We have verified that the modified proteins can form active filaments with single-stranded DNA (ssDNA) by measuring their ssDNA-dependent ATPase activities. Except for Y103F and W290H-W308H, where a reduction by some 50% in activity was observed, all of the RecA mutants showed full activity, with similar dependence on DNA concentration (Table 3, which is published as supporting information on the PNAS web site). The results thus demonstrate an overall retained activity for the modified RecA proteins to bind ssDNA and to display the conformational change required to hydrolyze ATP.

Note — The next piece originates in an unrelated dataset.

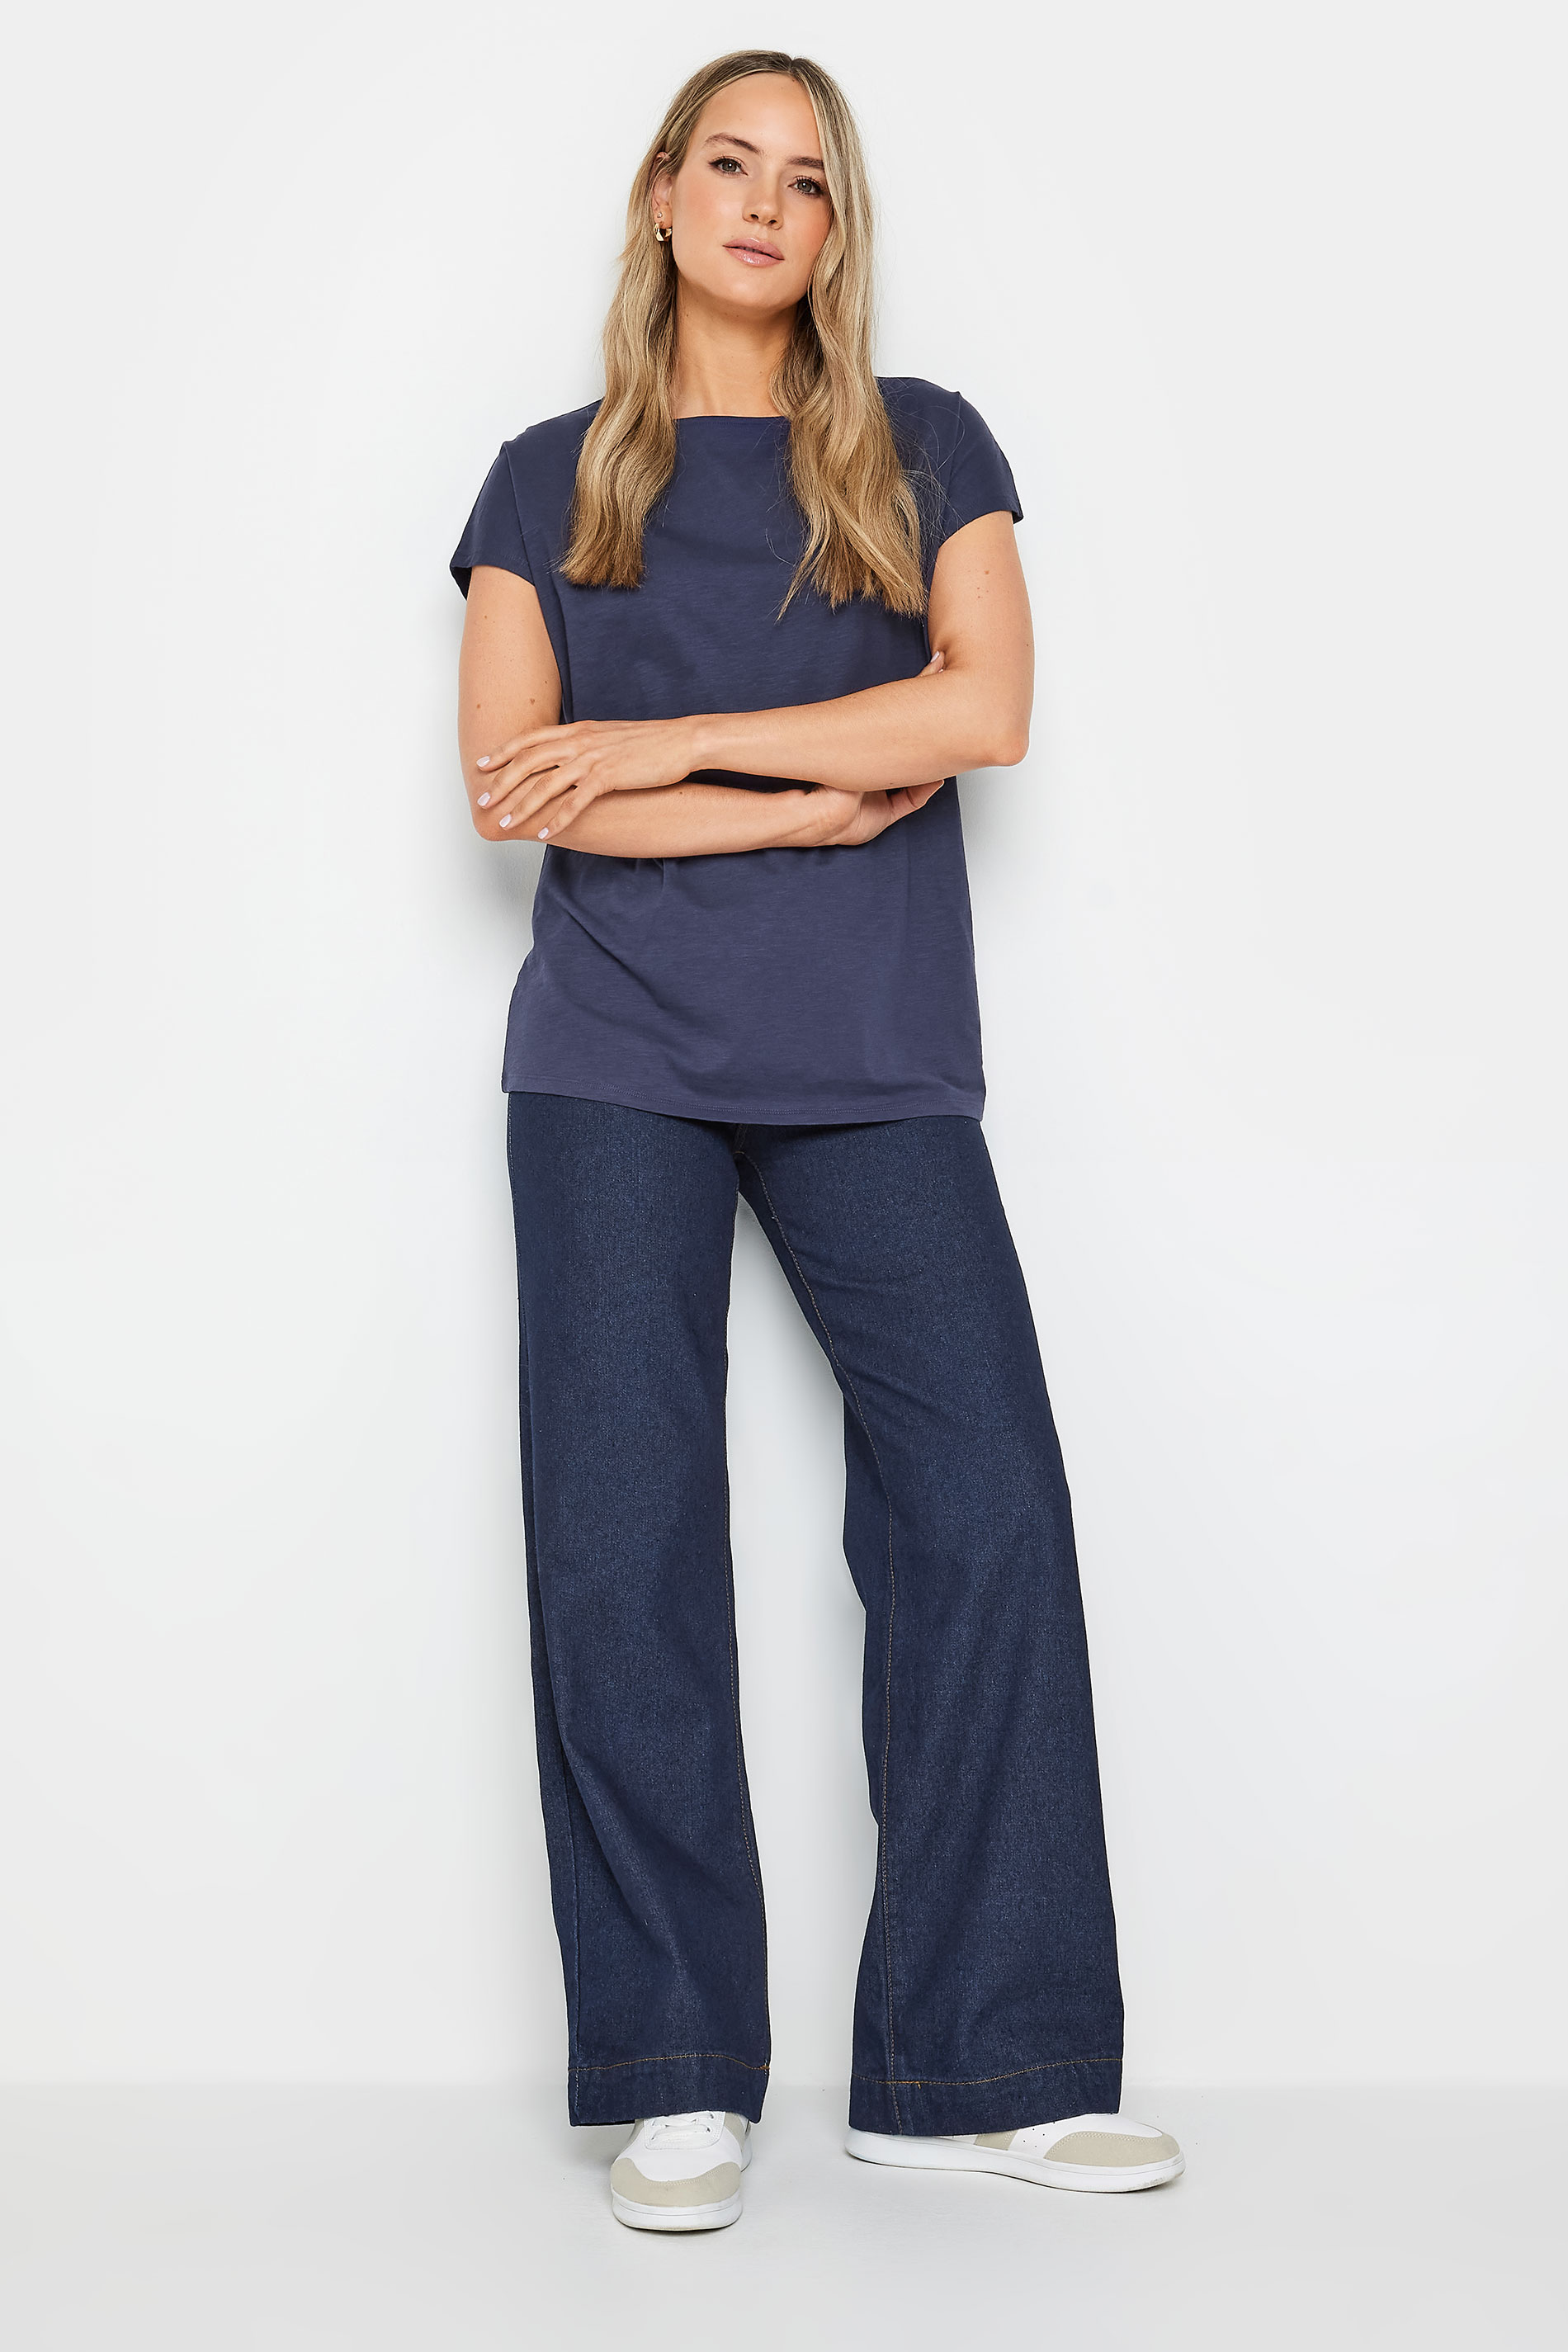 LTS Tall Womens Dark Blue Short Sleeve T-Shirt | Long Tall Sally 2
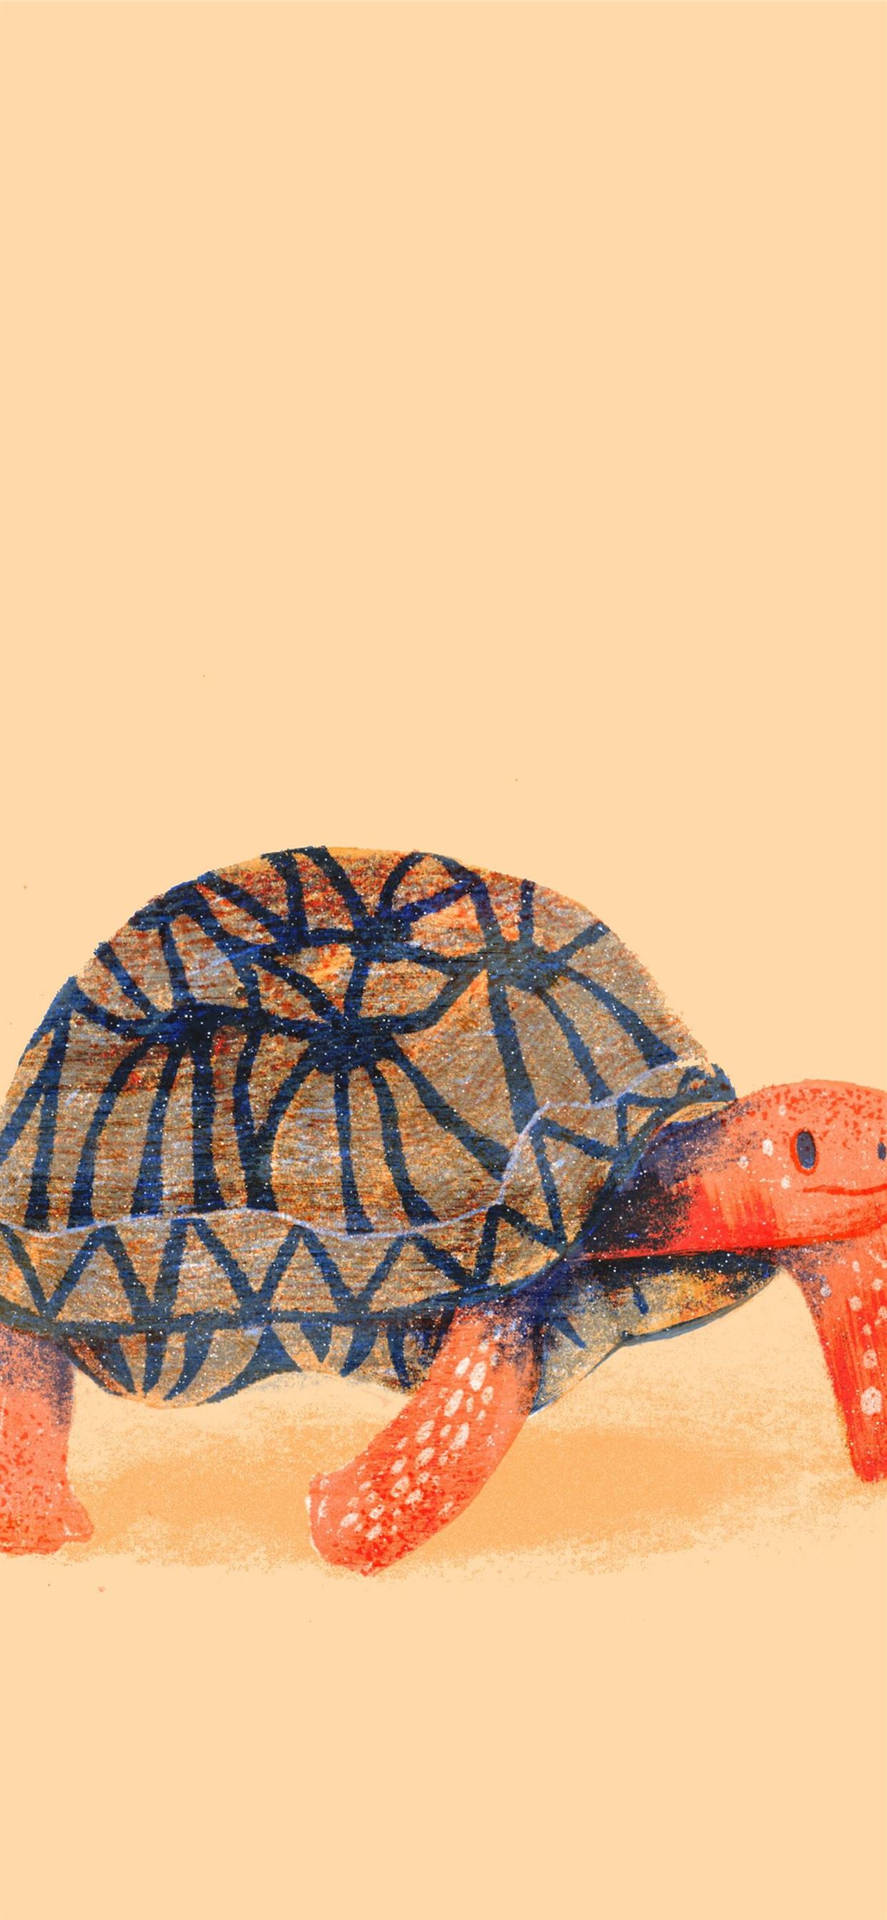 Sköldpaddakritkonst Wallpaper

LD Spectra of RecA Protein Complexes with Poly(dɛA) and SSLD Spectra of Tryptophan and Tyrosine Residues.
Flow LD spectra of wild-type and modified RecA protein-DNA complexes were measured with the ethenoadenine polynucleotide poly(dɛA) as ssDNA. The ethenoadenine chromophore displays an extra absorption band at 320 nm, where neither RecA nor nucleotide cofactor absorbs light, with a transition moment polarized in the plane of the chromophore (18). Assuming that the structure of DNA complexes with modified RecA is effectively the same as that of wild-type RecA, we can exploit the LD signal of ethenoadenine as an internal standard for normalization of the flow orientation parameter S.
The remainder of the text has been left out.